1. Learn the language or practice it

I’ve already talked about reasons I believe you should learn the language of your adoptive country. Beyond the communication aspect of being able to speak that language, comes the social aspect. At the course you will meet people. Some might be an a similar situation than yours and you’ll therefor be able to bond over a common point. You will also meet people from different backgrounds and stories and each one can be a source of inspiration. Even if none of them becomes your best friend, it is always nice to have someone come along when you go visit a museum or go for a drink after the class. By joining Discussion circles or meet-up groups, you can practice and make new acquaintances. If you already speak the language though, every time you step out of the house is an opportunity to practice, keep busy and meet people.

 

2. Volunteer

So let’s say you cannot work in your new country, or maybe you’re just having a hard time finding a job. Or just maybe you really don’t want to work but you want to have something to do. Volunteering is the solution. It not only allows you to feel motivated and ready to take on your day, it also helps you stay sane. The best part is you can chose any association or company that you have the slightest interest for. I volunteered for a Film Festival for example, as a photographer, thus combining my love for movies with my need to practice photography. I felt useful, I had contact with people, I met directors and actors, had a chance to listen to them live and I had access to all the movies I fancied watching.
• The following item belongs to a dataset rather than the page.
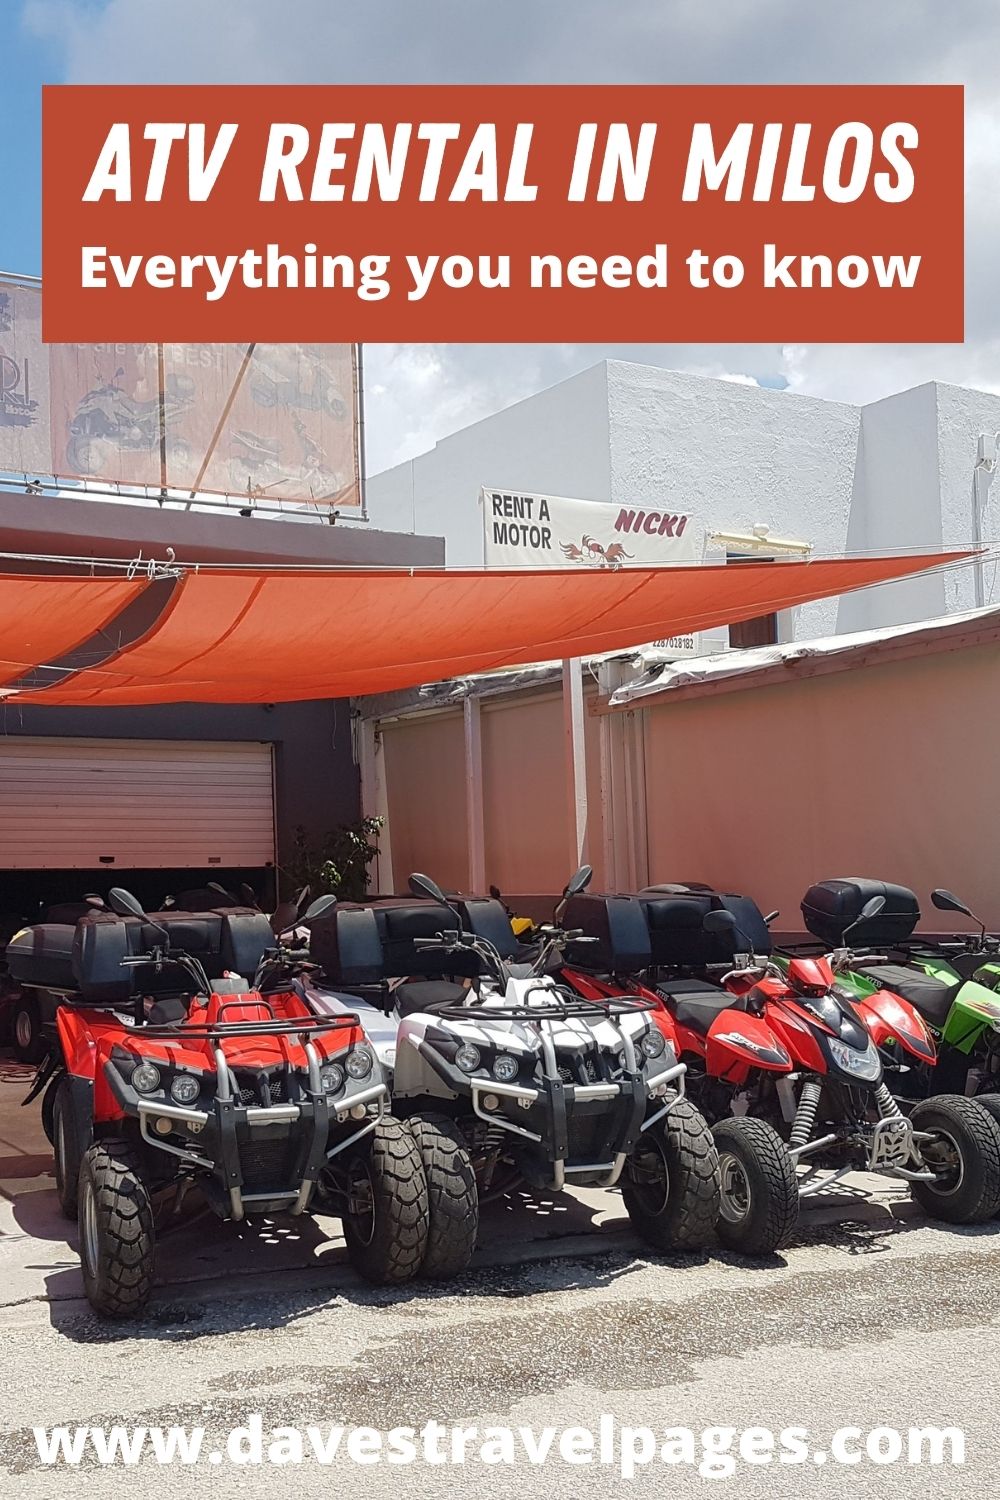 ATV Rental in Milos - Everything you need to know

I should add here that it was an East European movie festival, meaning under other circumstances my chances of seeing these movies would have been close to nil. Had I been working I might have went to see one of the movies (assuming I had even been aware this festival was going on), but I wouldn’t have had such a great experience. The festival wasn’t just about the movie, there were book readings for example where I got the chance to buy a Polish book translated in German which I then got signed by the author, again giving me access to new horizons. What are the chances that I would have read a Polish author’s book otherwise? See learning German also gave me a chance to discover his work, since I can’t read Polish.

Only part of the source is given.